With more than 10 million Americans jobless—twice the number at the beginning of the COVID-19 pandemic—state unemployment resources are historically strained.
“A year into the economic fallout, 23 states have utilized federal funds for state unemployment insurance trust funds,” NCSL’s Jon Jukuri, federal affairs counsel in NCSL’s State-Federal Relations Division, said during the session “Unemployment Insurance: Compensating for Tough Times,” part of NCSL’s State Policy 101 series.
Twenty states have taken out interest-free loans from the federal government and states have used almost $7 billion for trust funds, he added.
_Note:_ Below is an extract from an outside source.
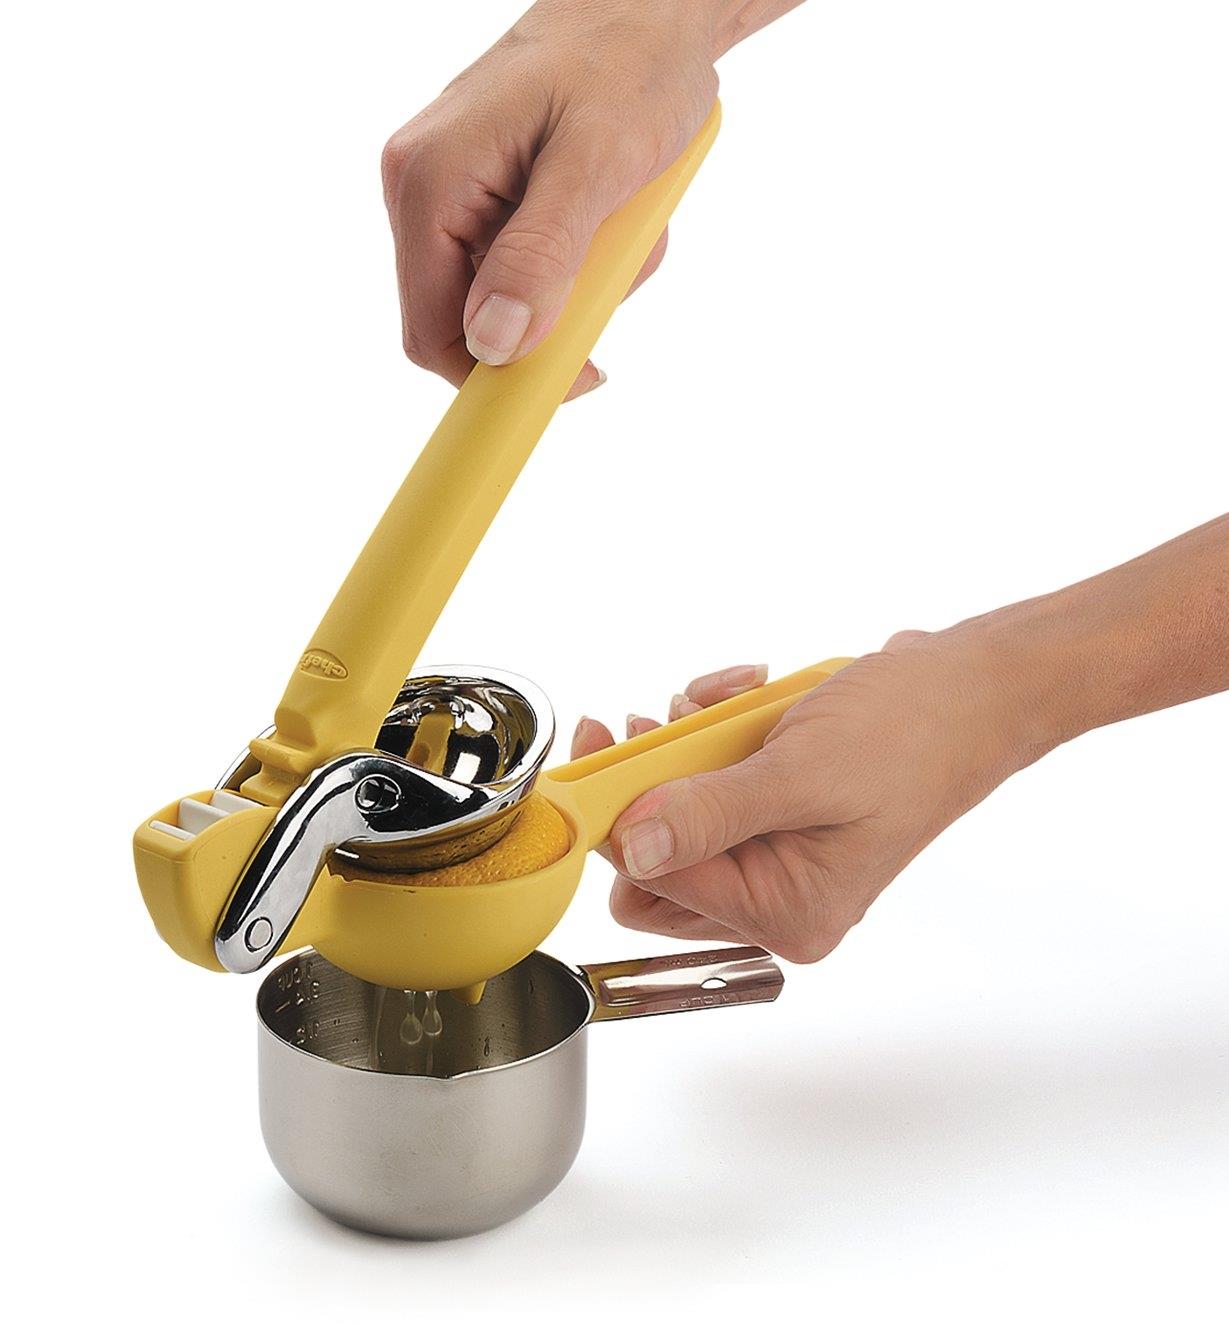 Lemon & Lime Press extracting lemon juice into a measuring cup

“Clearly this is going to be a massive issue for state budgets moving forward,” he said.
During the Great Recession about 31 states became unemployment insurance-solvent and borrowed in excess of $35 billion, resulting in the repayment of trust funds with interest added on. States had to increase payroll taxes during a weakened economy and, in some cases, lowered benefits by reducing their duration.
“Currently states are more than $50 billion in debt to the federal government, and there are going to be more states continuing to take out loans as far as we can tell,” Jukuri said. “This is a national predicament, not solely a red- or blue- or purple-state issue.”
Unemployment Claims Spike
During the second half of March 2020, initial weekly unemployment claims went from 300,000 to almost 15 million, said Zach Herman, a policy associate in NCSL’s Employment, Labor and Retirement Program.
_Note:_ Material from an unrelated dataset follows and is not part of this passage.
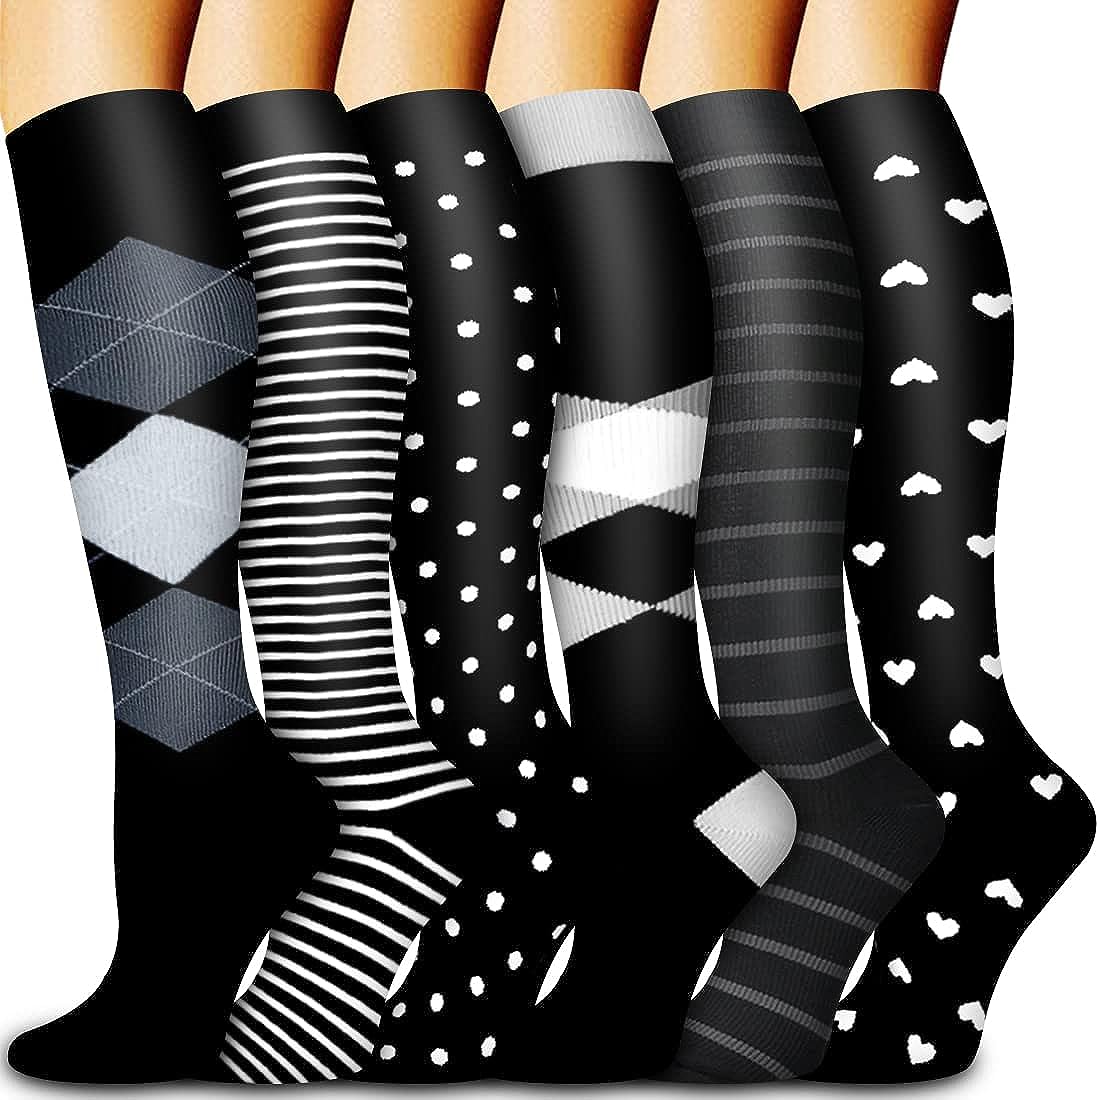 Bluemaple 6 Pack Copper Compression Socks for Women [...]

“The graph looks almost straight up,” he said. “During the peak of 2008-2009 (the Great Recession), the number topped out at 1.2 million.”
Besides the claims, a number of new federal programs were changed and states had to adapt.
“States had to not only ramp up to deal with all these new claims, they also had to build out these new programs,” Herman said. “States continue to have high rates of new applications. We’re seeing it hover around 800,000 to a million new claims each week.”
In addition, multiple states are experiencing millions of dollars in fraud, and every state has a backlog of claims.
“Some states are doing better than others but no state is getting 100% of their new payments out within two to three weeks after that initial claim is submitted,” Herman said.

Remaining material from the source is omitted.